(THE TASK): Below is a listing; restate from it, character for character, the lines beginning at the line holding "00 Secours héliportés" and ending at the line holding "Monastero di Dronero, rivive", both included.

═══ MATERIAL FOR THIS TASK ═══

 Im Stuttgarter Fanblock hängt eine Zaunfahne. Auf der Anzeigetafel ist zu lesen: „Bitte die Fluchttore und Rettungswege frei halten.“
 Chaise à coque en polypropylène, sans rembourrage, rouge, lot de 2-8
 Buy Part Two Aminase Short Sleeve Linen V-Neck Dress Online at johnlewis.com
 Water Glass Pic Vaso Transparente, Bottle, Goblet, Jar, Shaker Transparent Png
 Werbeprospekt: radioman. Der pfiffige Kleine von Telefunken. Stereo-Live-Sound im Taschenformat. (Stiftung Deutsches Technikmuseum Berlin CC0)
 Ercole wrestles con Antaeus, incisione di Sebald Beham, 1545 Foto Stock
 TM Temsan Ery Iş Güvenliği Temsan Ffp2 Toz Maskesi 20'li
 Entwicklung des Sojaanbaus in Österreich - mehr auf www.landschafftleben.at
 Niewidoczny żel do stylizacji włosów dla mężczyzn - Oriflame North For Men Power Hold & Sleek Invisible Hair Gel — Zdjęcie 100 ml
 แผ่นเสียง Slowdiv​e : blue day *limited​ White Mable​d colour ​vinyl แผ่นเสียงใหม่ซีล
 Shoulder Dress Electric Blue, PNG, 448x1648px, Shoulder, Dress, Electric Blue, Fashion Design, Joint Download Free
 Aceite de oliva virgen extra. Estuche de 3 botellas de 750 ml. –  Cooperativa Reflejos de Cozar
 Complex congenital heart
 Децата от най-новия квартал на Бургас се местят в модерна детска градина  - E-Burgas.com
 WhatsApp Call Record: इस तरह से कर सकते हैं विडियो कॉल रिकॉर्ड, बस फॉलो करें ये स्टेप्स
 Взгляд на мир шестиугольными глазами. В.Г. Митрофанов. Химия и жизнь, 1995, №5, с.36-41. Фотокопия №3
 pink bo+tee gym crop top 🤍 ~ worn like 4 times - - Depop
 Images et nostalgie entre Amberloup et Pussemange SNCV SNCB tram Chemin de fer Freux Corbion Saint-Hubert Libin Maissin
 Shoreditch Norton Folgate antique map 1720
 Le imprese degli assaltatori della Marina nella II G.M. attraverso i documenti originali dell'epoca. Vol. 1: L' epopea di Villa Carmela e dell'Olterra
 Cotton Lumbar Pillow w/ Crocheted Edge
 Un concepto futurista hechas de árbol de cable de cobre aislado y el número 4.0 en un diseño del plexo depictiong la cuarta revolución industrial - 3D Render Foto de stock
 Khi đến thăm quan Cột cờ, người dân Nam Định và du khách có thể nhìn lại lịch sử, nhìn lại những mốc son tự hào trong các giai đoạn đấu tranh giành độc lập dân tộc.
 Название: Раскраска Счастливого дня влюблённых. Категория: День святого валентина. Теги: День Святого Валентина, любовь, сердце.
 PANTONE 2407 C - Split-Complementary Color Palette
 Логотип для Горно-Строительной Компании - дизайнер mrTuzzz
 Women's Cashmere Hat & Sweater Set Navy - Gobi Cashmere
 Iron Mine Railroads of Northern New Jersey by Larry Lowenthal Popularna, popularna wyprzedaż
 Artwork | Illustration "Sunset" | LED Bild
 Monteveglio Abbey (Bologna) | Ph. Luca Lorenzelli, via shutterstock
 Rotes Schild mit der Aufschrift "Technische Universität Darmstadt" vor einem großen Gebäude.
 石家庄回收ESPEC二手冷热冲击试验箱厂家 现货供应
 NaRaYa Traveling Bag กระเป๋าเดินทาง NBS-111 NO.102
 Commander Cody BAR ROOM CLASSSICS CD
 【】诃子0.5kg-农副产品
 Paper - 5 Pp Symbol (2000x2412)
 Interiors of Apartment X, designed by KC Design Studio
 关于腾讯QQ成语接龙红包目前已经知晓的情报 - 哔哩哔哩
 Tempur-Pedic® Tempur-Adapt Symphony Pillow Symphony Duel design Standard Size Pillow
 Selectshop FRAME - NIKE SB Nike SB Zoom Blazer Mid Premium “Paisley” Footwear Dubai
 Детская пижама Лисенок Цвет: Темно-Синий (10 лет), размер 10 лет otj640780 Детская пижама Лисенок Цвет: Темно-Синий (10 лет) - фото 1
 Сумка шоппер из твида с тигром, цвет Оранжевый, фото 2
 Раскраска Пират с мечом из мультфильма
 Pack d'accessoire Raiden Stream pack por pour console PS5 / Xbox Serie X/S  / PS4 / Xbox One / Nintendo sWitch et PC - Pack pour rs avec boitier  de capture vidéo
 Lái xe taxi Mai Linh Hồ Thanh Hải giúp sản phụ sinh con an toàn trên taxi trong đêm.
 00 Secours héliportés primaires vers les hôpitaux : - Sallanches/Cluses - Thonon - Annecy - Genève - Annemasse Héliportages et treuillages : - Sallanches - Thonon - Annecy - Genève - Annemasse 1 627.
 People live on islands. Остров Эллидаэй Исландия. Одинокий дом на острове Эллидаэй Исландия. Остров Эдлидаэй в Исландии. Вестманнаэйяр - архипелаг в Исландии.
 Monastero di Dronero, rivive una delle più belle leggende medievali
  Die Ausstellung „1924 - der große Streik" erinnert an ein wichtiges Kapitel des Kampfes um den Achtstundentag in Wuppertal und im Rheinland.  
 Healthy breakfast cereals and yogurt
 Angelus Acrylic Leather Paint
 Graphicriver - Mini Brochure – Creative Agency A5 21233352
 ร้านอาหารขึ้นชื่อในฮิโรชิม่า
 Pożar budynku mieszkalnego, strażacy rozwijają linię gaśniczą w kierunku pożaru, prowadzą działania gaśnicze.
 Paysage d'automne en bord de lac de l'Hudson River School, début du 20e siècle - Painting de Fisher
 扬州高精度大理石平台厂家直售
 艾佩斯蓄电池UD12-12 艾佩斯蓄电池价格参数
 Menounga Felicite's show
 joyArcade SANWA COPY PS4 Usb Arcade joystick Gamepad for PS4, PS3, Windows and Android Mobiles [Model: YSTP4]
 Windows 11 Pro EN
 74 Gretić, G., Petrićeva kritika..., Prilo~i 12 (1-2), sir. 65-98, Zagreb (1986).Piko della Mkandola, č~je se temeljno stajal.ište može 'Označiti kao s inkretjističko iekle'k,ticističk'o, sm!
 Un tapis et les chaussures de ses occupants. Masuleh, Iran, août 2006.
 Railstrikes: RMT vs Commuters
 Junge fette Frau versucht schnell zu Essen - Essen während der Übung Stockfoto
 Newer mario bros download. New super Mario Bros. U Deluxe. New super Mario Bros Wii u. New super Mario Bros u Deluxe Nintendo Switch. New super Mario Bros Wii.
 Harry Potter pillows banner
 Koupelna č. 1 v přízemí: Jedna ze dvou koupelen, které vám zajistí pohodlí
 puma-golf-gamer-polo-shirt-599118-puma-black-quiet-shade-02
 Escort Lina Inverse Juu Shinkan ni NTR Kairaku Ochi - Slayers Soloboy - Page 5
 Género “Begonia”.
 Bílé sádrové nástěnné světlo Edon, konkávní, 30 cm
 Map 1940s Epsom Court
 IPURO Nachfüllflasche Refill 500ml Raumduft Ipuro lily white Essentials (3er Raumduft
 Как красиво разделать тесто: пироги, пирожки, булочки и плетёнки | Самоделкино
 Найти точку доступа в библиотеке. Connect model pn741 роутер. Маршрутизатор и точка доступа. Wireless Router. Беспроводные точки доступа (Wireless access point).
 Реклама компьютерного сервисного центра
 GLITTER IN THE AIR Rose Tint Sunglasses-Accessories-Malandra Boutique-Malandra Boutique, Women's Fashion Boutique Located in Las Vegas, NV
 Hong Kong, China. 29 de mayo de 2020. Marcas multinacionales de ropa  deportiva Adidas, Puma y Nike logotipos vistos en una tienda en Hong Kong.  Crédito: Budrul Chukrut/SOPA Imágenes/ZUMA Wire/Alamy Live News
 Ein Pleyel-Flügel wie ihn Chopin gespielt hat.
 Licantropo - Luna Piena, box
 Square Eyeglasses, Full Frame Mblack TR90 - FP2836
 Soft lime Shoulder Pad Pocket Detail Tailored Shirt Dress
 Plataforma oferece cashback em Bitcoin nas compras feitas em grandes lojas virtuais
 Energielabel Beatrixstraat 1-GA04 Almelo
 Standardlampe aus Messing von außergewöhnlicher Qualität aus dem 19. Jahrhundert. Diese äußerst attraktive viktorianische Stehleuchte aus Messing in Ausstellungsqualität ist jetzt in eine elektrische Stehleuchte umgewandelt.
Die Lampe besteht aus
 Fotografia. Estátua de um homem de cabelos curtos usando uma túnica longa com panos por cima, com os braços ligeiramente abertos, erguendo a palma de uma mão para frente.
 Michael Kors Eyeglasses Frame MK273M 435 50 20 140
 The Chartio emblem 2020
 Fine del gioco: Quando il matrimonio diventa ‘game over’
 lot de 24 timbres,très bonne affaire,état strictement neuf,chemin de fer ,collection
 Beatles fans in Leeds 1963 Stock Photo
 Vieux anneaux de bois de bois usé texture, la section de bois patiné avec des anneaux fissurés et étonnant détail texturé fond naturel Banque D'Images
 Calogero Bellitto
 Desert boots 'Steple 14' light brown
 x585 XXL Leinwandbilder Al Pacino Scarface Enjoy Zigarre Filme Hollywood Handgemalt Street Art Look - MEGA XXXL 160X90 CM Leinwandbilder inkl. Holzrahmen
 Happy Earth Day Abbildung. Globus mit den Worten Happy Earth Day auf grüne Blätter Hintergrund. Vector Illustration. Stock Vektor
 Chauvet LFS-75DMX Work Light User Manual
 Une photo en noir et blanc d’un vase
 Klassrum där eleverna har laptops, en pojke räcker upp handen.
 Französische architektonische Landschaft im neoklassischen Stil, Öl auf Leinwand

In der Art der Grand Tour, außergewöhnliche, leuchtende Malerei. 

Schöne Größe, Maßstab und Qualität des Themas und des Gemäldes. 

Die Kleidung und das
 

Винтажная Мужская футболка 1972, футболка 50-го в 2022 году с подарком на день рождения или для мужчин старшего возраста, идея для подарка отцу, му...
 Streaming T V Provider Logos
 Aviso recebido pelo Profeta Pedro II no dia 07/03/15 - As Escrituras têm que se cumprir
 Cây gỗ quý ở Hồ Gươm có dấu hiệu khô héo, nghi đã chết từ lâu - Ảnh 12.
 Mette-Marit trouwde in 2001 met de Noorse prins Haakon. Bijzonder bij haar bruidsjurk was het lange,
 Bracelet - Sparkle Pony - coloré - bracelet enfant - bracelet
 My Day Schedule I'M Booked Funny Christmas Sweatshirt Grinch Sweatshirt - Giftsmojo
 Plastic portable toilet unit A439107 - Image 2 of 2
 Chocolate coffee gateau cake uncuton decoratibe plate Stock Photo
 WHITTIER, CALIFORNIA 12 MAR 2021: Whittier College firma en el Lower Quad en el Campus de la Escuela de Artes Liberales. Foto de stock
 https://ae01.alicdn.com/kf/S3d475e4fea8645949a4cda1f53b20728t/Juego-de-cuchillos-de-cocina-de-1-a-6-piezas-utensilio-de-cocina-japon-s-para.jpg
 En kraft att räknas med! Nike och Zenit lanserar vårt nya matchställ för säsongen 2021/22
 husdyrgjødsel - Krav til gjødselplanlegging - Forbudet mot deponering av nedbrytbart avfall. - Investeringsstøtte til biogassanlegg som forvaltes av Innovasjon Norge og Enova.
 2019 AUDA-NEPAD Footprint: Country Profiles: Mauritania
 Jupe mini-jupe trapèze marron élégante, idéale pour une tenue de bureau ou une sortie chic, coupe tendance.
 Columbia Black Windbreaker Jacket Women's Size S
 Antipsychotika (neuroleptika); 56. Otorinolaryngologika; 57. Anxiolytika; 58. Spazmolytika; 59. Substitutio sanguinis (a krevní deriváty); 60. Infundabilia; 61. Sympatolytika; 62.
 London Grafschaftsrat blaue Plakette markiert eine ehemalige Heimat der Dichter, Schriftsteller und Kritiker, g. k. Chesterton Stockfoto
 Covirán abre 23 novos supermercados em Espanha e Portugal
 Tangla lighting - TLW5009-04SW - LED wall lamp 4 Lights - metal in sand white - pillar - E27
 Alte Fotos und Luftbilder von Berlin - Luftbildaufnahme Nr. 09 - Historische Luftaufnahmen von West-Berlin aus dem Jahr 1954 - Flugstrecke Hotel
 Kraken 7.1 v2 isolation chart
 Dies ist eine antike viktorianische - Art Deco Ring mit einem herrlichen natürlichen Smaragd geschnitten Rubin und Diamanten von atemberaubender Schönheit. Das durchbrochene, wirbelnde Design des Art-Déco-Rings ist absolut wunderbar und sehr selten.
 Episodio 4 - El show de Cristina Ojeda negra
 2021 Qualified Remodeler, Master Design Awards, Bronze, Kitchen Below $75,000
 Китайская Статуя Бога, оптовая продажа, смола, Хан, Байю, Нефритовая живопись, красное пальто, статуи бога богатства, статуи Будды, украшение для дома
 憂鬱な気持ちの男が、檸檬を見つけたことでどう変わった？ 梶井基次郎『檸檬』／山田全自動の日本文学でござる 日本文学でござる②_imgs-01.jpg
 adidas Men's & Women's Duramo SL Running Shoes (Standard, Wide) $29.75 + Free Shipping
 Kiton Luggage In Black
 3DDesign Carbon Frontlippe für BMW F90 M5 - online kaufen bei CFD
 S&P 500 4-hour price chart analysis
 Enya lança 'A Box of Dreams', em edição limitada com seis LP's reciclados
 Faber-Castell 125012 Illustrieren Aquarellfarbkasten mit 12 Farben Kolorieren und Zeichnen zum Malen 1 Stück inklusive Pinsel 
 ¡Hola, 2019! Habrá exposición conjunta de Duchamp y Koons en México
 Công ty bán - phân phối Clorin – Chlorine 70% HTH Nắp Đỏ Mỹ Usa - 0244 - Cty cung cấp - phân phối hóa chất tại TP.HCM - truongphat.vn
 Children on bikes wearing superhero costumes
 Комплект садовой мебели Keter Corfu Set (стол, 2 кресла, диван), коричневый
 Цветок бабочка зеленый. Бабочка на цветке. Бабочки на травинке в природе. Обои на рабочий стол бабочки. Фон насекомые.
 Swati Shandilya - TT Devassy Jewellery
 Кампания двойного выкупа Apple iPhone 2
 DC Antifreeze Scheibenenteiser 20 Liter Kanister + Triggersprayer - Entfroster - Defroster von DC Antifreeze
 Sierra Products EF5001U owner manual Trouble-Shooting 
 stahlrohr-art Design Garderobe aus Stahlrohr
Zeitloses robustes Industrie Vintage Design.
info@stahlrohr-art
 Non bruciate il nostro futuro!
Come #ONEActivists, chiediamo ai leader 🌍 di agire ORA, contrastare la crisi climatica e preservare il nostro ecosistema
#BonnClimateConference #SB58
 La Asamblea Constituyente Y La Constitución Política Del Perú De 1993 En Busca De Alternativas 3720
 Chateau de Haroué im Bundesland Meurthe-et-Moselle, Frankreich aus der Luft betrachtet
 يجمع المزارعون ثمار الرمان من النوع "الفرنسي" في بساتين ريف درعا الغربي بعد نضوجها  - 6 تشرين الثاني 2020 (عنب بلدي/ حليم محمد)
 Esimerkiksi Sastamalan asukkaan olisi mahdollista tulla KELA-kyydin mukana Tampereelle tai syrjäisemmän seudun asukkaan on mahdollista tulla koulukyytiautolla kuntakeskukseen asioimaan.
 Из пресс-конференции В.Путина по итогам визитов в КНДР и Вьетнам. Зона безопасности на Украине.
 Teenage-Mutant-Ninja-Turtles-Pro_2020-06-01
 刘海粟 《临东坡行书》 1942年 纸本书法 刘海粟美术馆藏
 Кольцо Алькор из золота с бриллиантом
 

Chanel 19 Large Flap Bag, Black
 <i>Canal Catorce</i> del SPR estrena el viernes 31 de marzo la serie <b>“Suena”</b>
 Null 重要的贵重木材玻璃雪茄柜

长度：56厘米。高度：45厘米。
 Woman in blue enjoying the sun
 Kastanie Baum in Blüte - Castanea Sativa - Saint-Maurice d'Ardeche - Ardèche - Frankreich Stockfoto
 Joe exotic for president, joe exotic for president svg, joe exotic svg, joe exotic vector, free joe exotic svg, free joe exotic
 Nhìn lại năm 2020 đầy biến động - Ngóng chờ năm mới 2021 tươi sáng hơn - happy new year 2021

═══

(EXERCISE RESULT):
 00 Secours héliportés primaires vers les hôpitaux : - Sallanches/Cluses - Thonon - Annecy - Genève - Annemasse Héliportages et treuillages : - Sallanches - Thonon - Annecy - Genève - Annemasse 1 627.
 People live on islands. Остров Эллидаэй Исландия. Одинокий дом на острове Эллидаэй Исландия. Остров Эдлидаэй в Исландии. Вестманнаэйяр - архипелаг в Исландии.
 Monastero di Dronero, rivive una delle più belle leggende medievali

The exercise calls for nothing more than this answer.